-- PROBLEM DESCRIPTION --
From the data below, restate every line word for word.

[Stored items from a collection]
>>>>>
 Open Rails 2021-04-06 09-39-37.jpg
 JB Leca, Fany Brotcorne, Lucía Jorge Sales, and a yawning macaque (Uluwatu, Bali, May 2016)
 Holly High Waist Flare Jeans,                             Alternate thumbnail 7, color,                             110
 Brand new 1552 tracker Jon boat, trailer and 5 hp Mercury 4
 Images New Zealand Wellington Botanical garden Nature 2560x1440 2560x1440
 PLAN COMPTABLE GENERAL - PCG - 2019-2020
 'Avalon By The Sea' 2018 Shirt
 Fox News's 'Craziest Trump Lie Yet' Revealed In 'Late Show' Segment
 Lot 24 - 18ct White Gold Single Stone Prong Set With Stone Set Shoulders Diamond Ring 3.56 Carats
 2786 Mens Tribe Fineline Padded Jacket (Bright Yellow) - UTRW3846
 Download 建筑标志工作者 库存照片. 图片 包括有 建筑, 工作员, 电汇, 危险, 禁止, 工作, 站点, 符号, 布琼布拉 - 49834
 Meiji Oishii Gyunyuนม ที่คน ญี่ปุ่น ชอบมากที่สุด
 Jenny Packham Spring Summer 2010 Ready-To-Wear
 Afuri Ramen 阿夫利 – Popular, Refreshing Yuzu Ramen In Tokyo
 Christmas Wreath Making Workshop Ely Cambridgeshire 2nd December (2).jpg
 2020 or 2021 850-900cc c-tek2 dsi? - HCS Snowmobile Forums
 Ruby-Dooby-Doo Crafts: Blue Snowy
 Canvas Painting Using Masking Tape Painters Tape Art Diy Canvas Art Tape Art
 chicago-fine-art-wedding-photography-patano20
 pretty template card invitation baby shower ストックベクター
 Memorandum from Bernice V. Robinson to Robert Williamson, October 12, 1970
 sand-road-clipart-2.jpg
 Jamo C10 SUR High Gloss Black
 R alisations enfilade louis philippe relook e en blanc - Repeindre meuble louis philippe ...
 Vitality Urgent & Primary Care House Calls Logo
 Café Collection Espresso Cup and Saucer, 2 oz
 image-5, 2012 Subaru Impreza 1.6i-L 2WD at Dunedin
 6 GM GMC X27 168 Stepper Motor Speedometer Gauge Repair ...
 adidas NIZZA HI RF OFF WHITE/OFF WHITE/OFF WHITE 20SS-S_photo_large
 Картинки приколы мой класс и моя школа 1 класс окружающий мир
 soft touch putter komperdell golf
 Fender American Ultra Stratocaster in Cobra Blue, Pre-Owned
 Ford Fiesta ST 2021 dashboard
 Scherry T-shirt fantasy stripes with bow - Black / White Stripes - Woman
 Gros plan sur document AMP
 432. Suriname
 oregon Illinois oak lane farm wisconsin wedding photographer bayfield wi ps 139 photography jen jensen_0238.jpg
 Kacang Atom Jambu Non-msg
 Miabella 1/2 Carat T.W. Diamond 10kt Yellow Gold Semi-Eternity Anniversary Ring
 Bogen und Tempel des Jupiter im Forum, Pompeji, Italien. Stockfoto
<<<<<
-- TASK ANSWER --
 Open Rails 2021-04-06 09-39-37.jpg
 JB Leca, Fany Brotcorne, Lucía Jorge Sales, and a yawning macaque (Uluwatu, Bali, May 2016)
 Holly High Waist Flare Jeans,                             Alternate thumbnail 7, color,                             110
 Brand new 1552 tracker Jon boat, trailer and 5 hp Mercury 4
 Images New Zealand Wellington Botanical garden Nature 2560x1440 2560x1440
 PLAN COMPTABLE GENERAL - PCG - 2019-2020
 'Avalon By The Sea' 2018 Shirt
 Fox News's 'Craziest Trump Lie Yet' Revealed In 'Late Show' Segment
 Lot 24 - 18ct White Gold Single Stone Prong Set With Stone Set Shoulders Diamond Ring 3.56 Carats
 2786 Mens Tribe Fineline Padded Jacket (Bright Yellow) - UTRW3846
 Download 建筑标志工作者 库存照片. 图片 包括有 建筑, 工作员, 电汇, 危险, 禁止, 工作, 站点, 符号, 布琼布拉 - 49834
 Meiji Oishii Gyunyuนม ที่คน ญี่ปุ่น ชอบมากที่สุด
 Jenny Packham Spring Summer 2010 Ready-To-Wear
 Afuri Ramen 阿夫利 – Popular, Refreshing Yuzu Ramen In Tokyo
 Christmas Wreath Making Workshop Ely Cambridgeshire 2nd December (2).jpg
 2020 or 2021 850-900cc c-tek2 dsi? - HCS Snowmobile Forums
 Ruby-Dooby-Doo Crafts: Blue Snowy
 Canvas Painting Using Masking Tape Painters Tape Art Diy Canvas Art Tape Art
 chicago-fine-art-wedding-photography-patano20
 pretty template card invitation baby shower ストックベクター
 Memorandum from Bernice V. Robinson to Robert Williamson, October 12, 1970
 sand-road-clipart-2.jpg
 Jamo C10 SUR High Gloss Black
 R alisations enfilade louis philippe relook e en blanc - Repeindre meuble louis philippe ...
 Vitality Urgent & Primary Care House Calls Logo
 Café Collection Espresso Cup and Saucer, 2 oz
 image-5, 2012 Subaru Impreza 1.6i-L 2WD at Dunedin
 6 GM GMC X27 168 Stepper Motor Speedometer Gauge Repair ...
 adidas NIZZA HI RF OFF WHITE/OFF WHITE/OFF WHITE 20SS-S_photo_large
 Картинки приколы мой класс и моя школа 1 класс окружающий мир
 soft touch putter komperdell golf
 Fender American Ultra Stratocaster in Cobra Blue, Pre-Owned
 Ford Fiesta ST 2021 dashboard
 Scherry T-shirt fantasy stripes with bow - Black / White Stripes - Woman
 Gros plan sur document AMP
 432. Suriname
 oregon Illinois oak lane farm wisconsin wedding photographer bayfield wi ps 139 photography jen jensen_0238.jpg
 Kacang Atom Jambu Non-msg
 Miabella 1/2 Carat T.W. Diamond 10kt Yellow Gold Semi-Eternity Anniversary Ring
 Bogen und Tempel des Jupiter im Forum, Pompeji, Italien. Stockfoto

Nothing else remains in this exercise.